AIM OF THE EXERCISE: Before printing the listing, strip out its pictures and keep everything else exact.

DATASET SECTION:
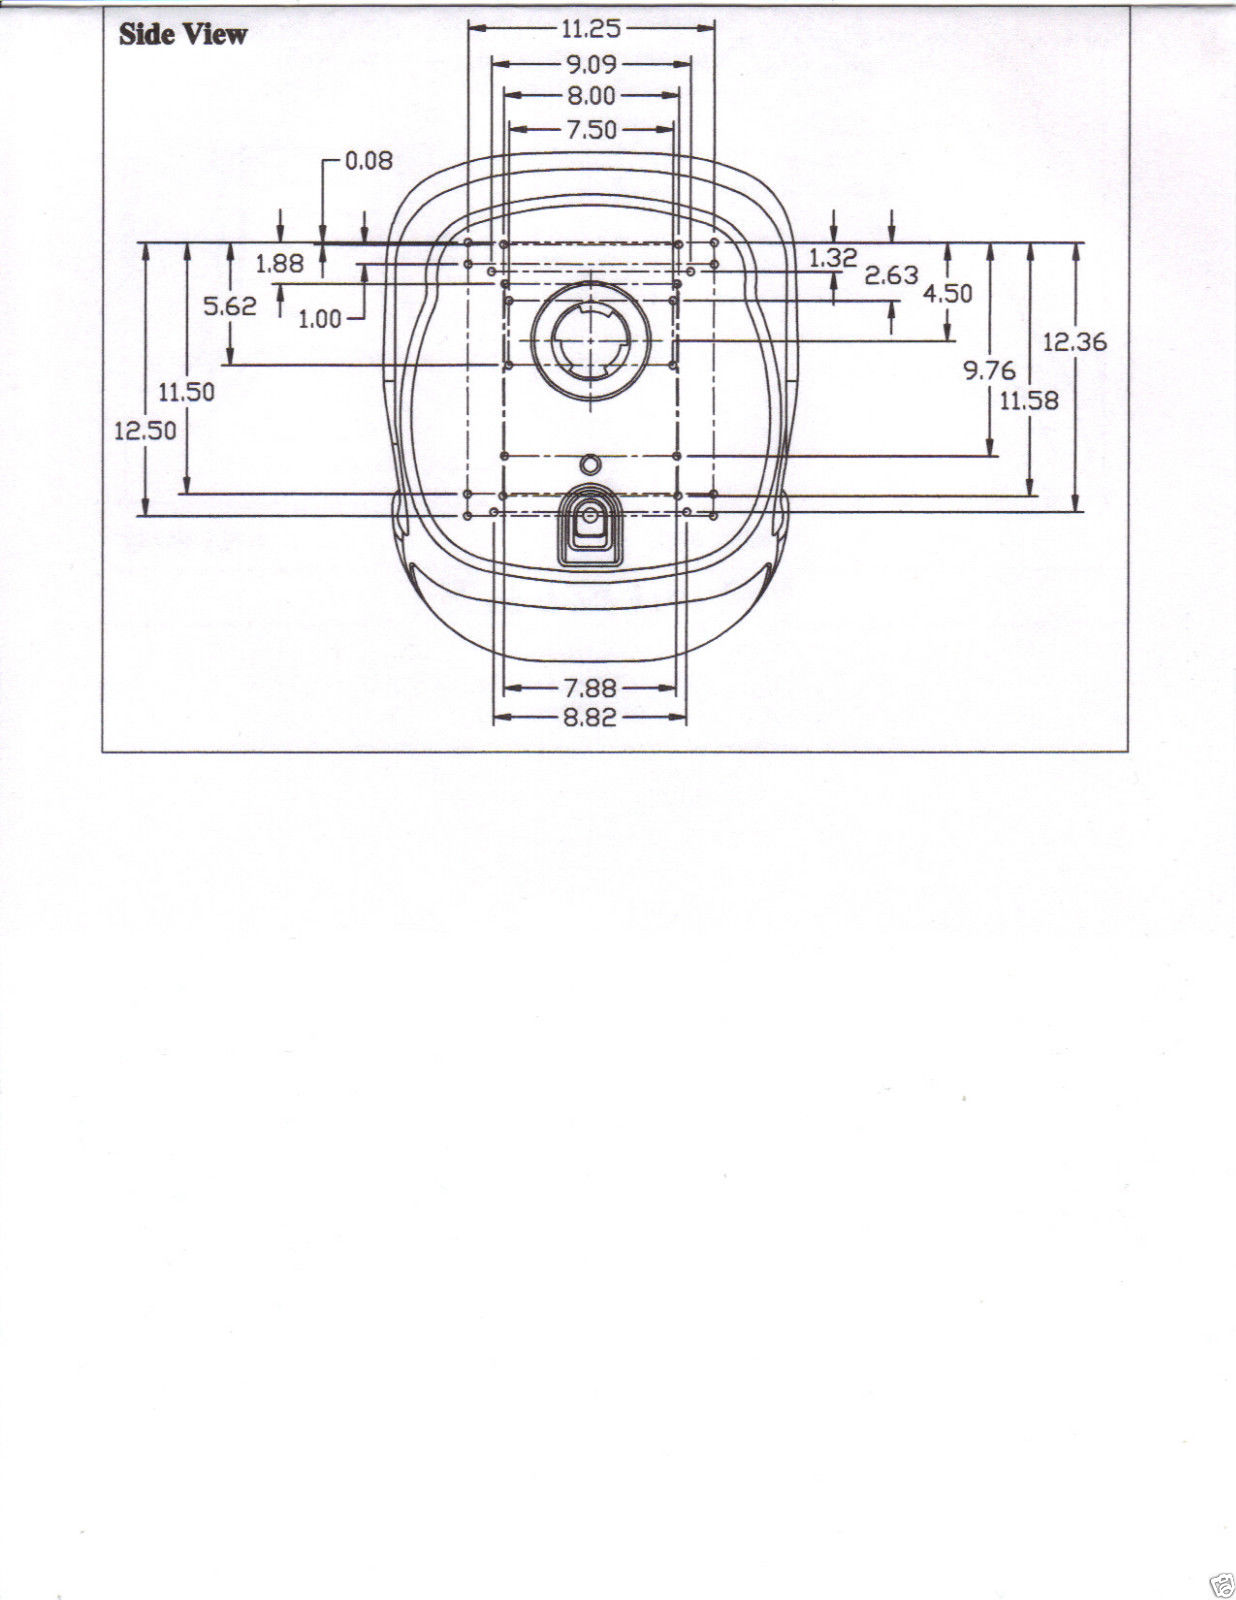 GRAY SEAT HUSTLER JACOBSEN TORO DIXIE CHOPPER ZERO TURN FRONT – Dixie Chopper Electrical Wiring Diagram
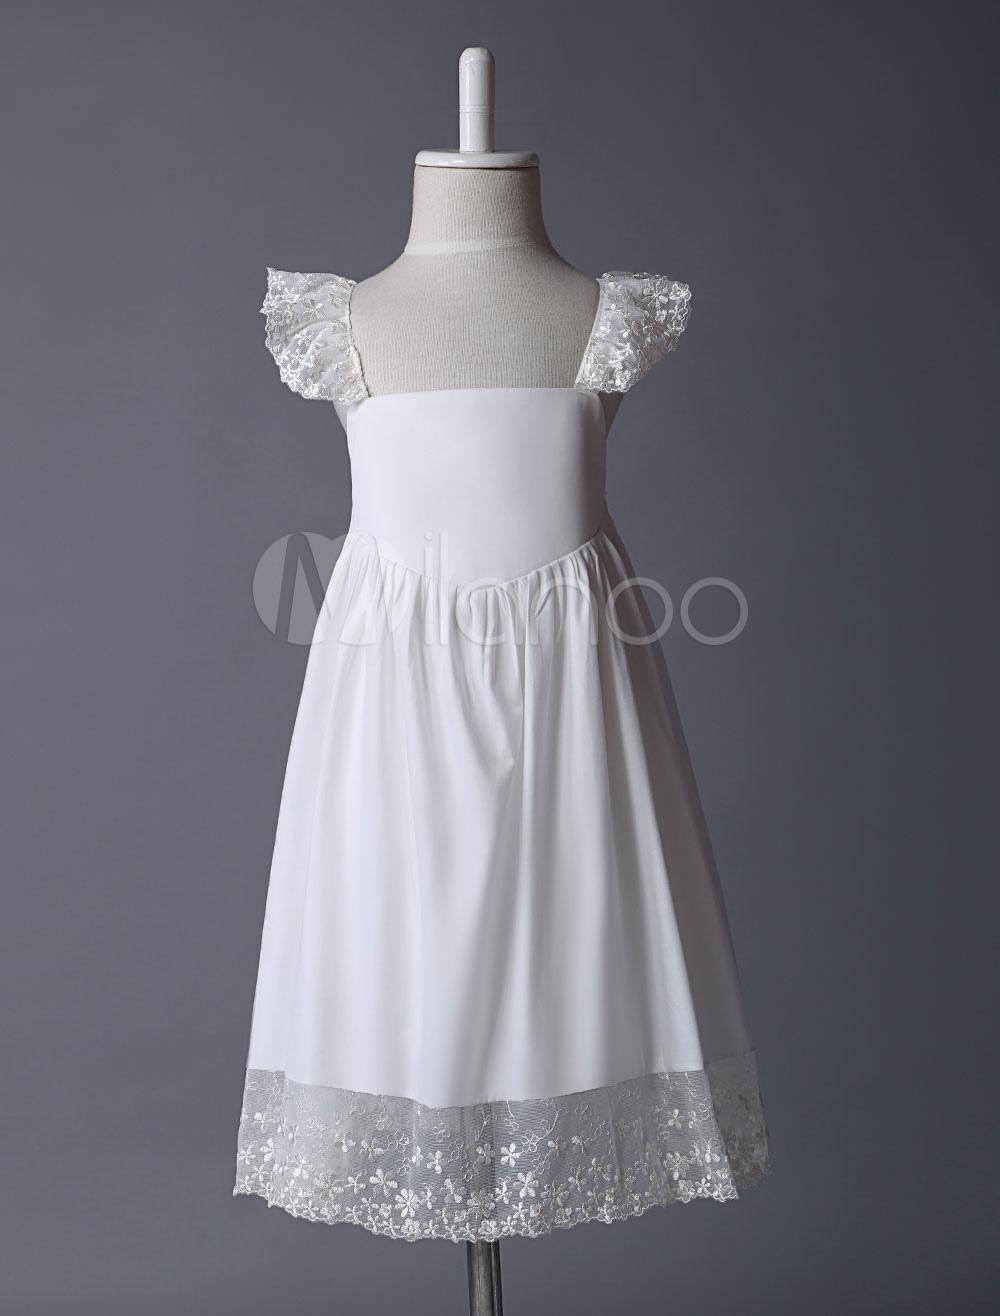 Ivory Flower Girl Dress Boho Summer Beach Lace Trim Little Girls Dresses
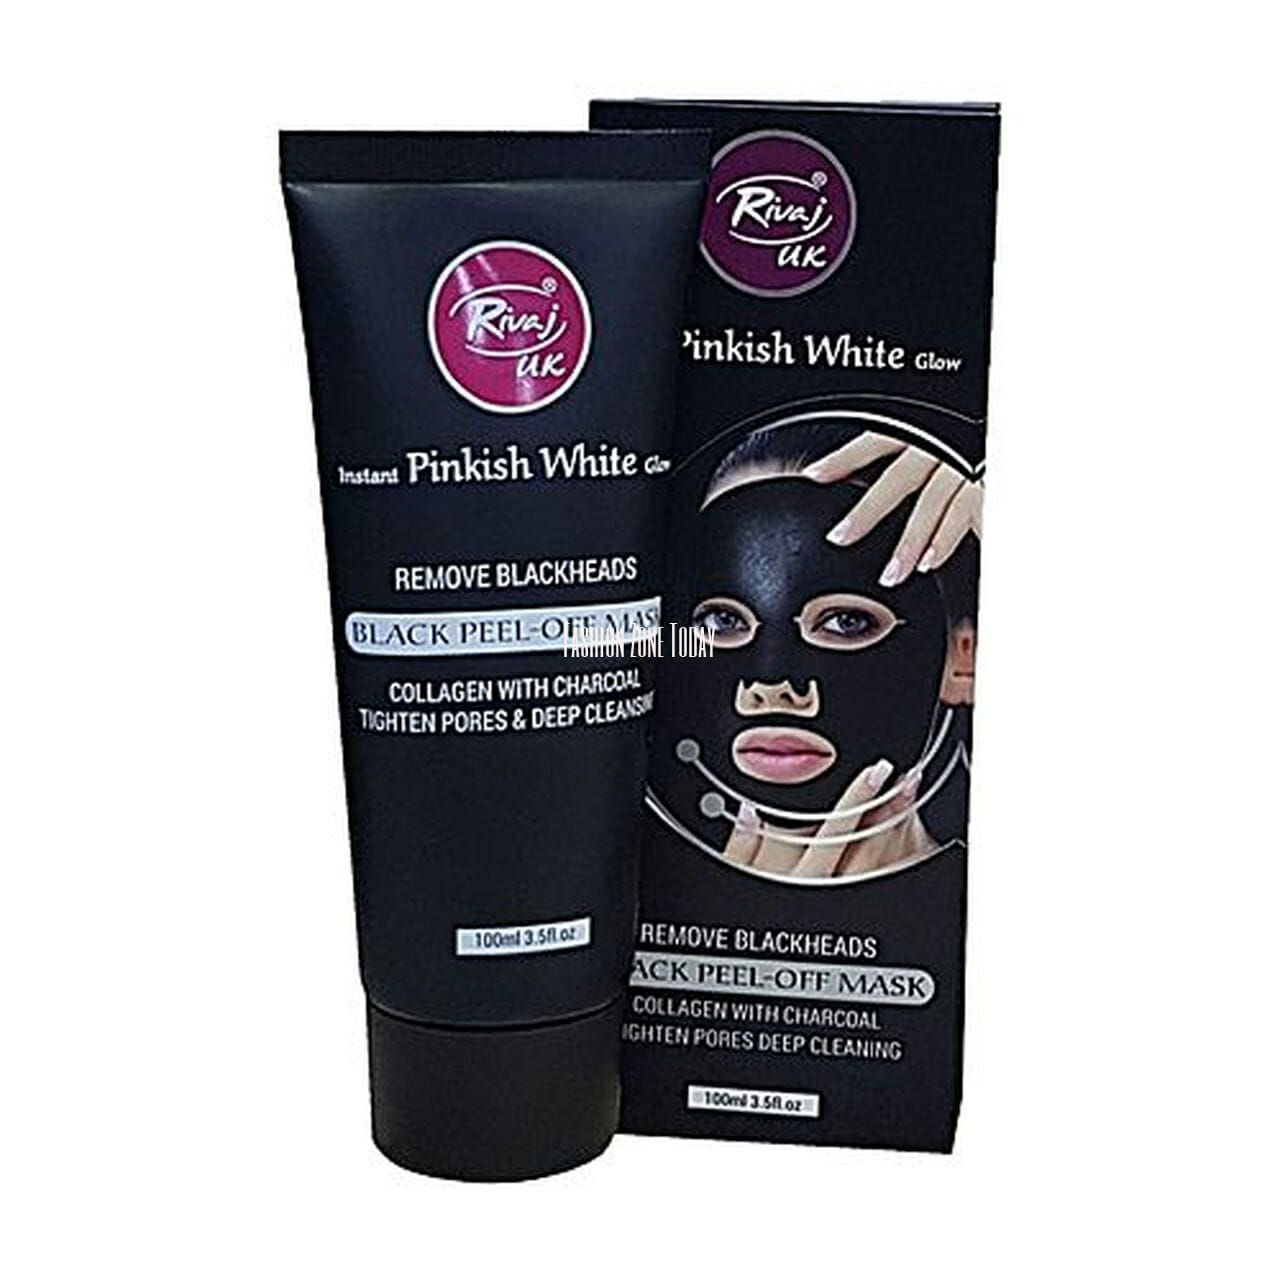 Rivaj UK Charcoal Pinkish White Peel Off Mask 100ml Best Charcoal Face Mask in Pakistan
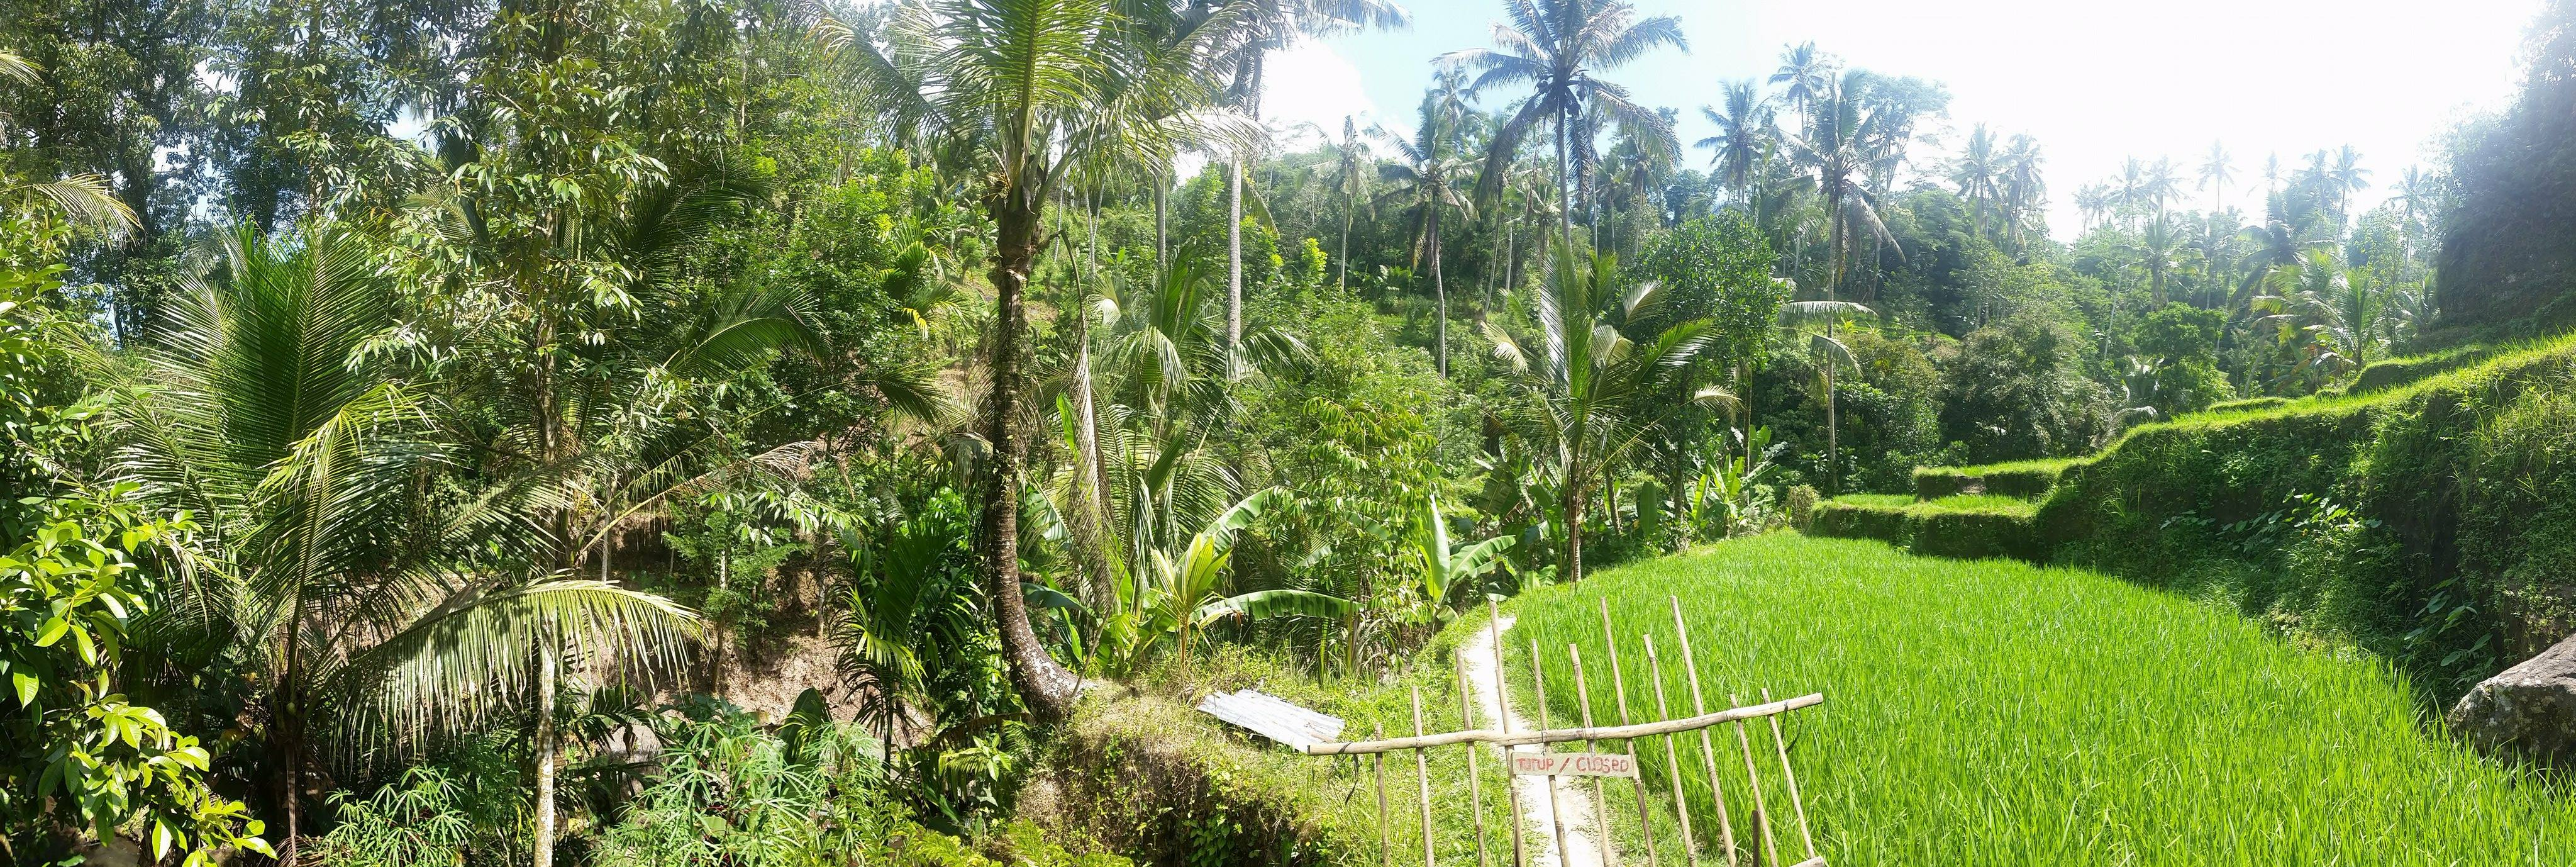 Pura Gunung Kawi Panorama

TASK OUTPUT:
 GRAY SEAT HUSTLER JACOBSEN TORO DIXIE CHOPPER ZERO TURN FRONT – Dixie Chopper Electrical Wiring Diagram
 Ivory Flower Girl Dress Boho Summer Beach Lace Trim Little Girls Dresses
 Rivaj UK Charcoal Pinkish White Peel Off Mask 100ml Best Charcoal Face Mask in Pakistan
 Pura Gunung Kawi Panorama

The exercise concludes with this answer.